In other words, this is about system transformation and alignment, or ‘better development’ for both people and the planet, rather than a narrow concept of project-based finance flow alignment. Alignment will not be attained through some ‘green’ projects and some ‘brown’ and incoherent policies and institutions. This does not, however, mean the technical work on methods and metrics is not important. COVID-19 increases the urgency of the technical work on methods and metrics to ensure a strong, inclusive, sustainable and resilient global economic recovery that is Paris-aligned, building the foundations for the transition to net-zero.

This systems perspective is particularly relevant for the MDBs and development finance institutions (DFIs), where their work on Paris alignment should be part of, and integral to, COVID-19 recovery and sustainable development strategies in client countries, and recognise the mutually supportive role of the SDGs.Country buy-in to Paris alignment is crucial. One way to facilitate this is through climate-friendly (Paris-aligned) and SDG-supporting country platforms. These bring together MDB/DFI and other development partner operations, including national development banks, to accelerate the creation of the policies, institutions and investments needed to achieve the objectives of the Paris Agreement and the SDGs.

In this context, the MDB Building Block methodology on Paris alignment must be developed in a way that enables MDBs to properly assess and implement the full system transformation needed to achieve Paris alignment.It will need to recognise that the entire development system needs to be aligned across short- and long-term strategy, policy, scaling up, institutions, etc., not just projects.
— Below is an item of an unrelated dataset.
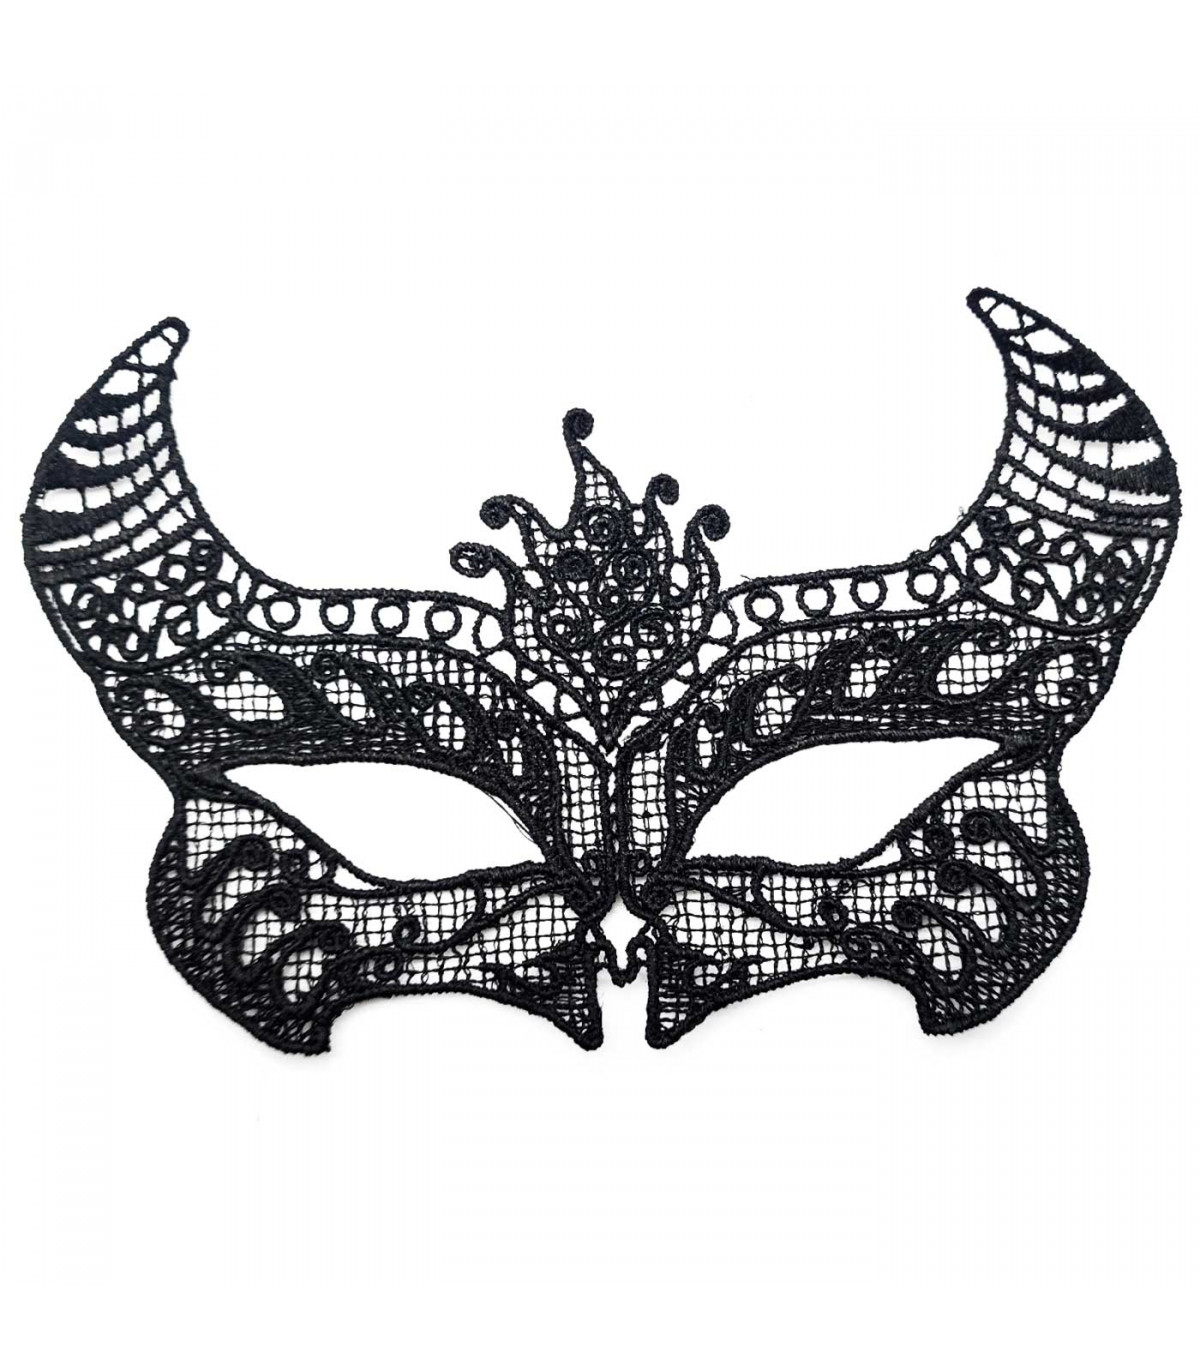 Tradineur - Antifaz con encaje de diablo - Complemento para carnaval,  Halloween y celebraciones. - Color Negro - 13 x 20 cm

To do this MDBs need not only to operate better as a system, but also individually, to ensure sufficiency of action to drive a sustainable recovery and transformation to net-zero and better development. This will need both board and shareholder buy-in.

The emerging MDB Building Block approach has the potential to take this systemic view, which can then be implemented by individual MDBs. For example, Building Block 4 considers support for client countries to develop low-emissions and climate-resilient long-term strategies. But to be consistent with full system transformation it will need to go further than what we currently know about the methodology. The European Investment Bank (EIB) is leading here, committing to Paris alignment by the end of 2020. The EIB’s experience will be valuable for developing and taking forward the joint MDB methodology.